To start this as a monthly tradition, I am beginning the contest for this month!

Our last winner, Gene, who nominated the winning movie, The Shining chose as November's movie genre, Comedy

As such for next week, nominate all your favorite Comedies to have a chance at winning the November Monthly Movie Championship.

Begin!


----------



## Dio Brando (Nov 2, 2007)

Comedy is a far larger genre than Horror.

Good luck Peter, this will be a nightmare.


----------



## Sunuvmann (Nov 2, 2007)

Dio Brando said:


> Comedy is a far larger genre than Horror.
> 
> Good luck Peter, this will be a nightmare.

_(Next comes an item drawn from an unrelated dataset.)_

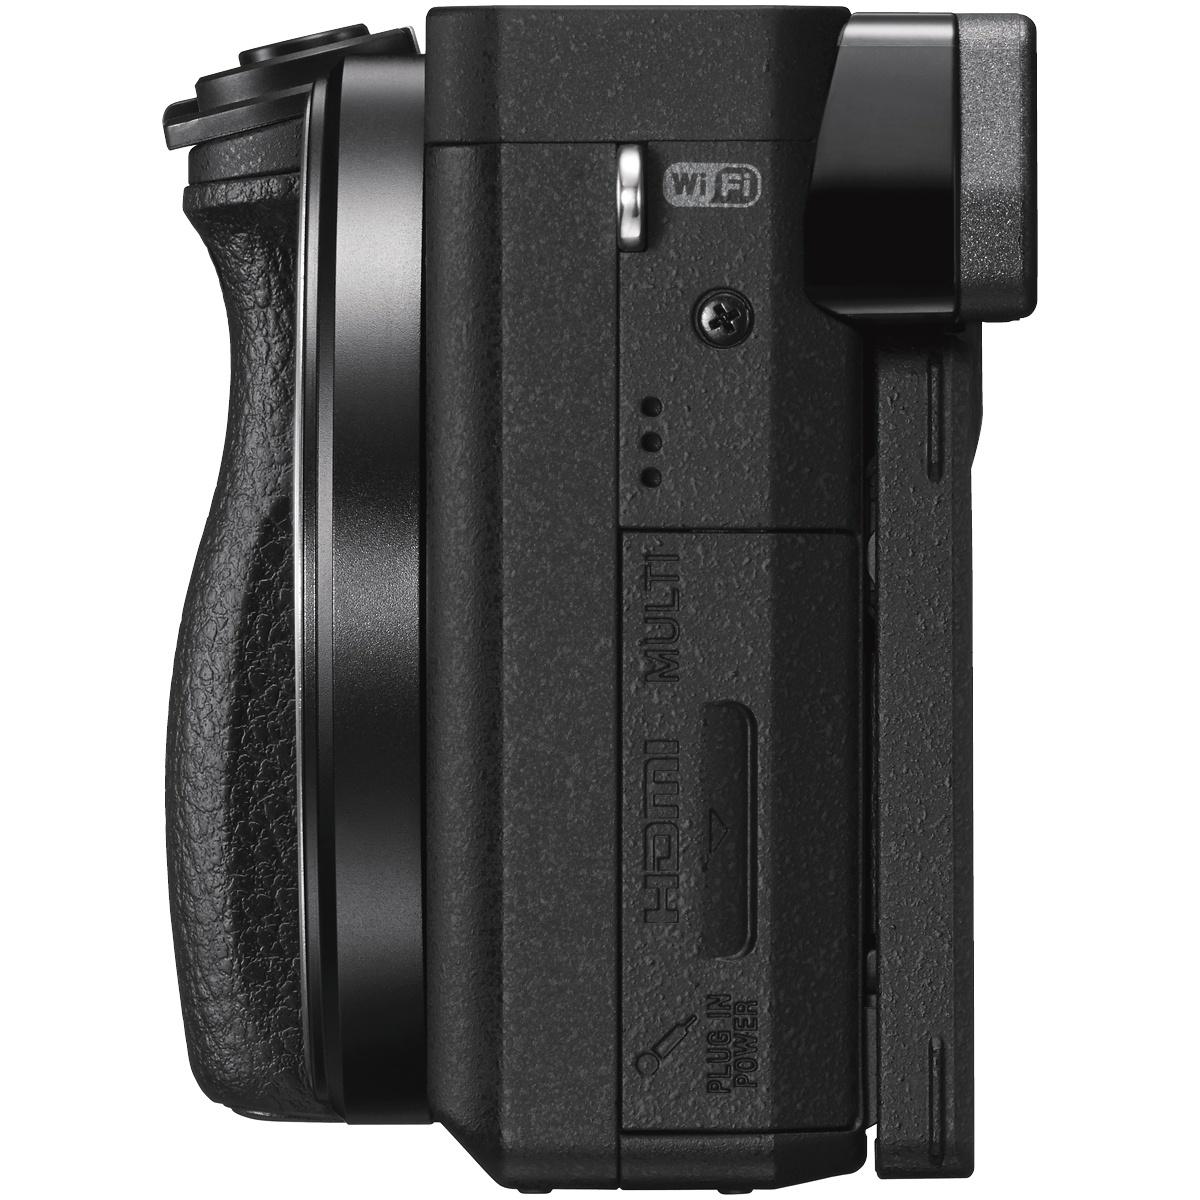 Sony Alpha 6300 Kit mit 18-135 mm 1:3,5-5,6

 Last time I only had 9 days since I came up with the idea late in the month. This time I have a month so I'll do top 32 or so first.


----------



## Dio Brando (Nov 2, 2007)

Peter said:


> Last time I only had 9 days since I came up with the idea late in the month. This time I have a month so I'll do top 32 or so first.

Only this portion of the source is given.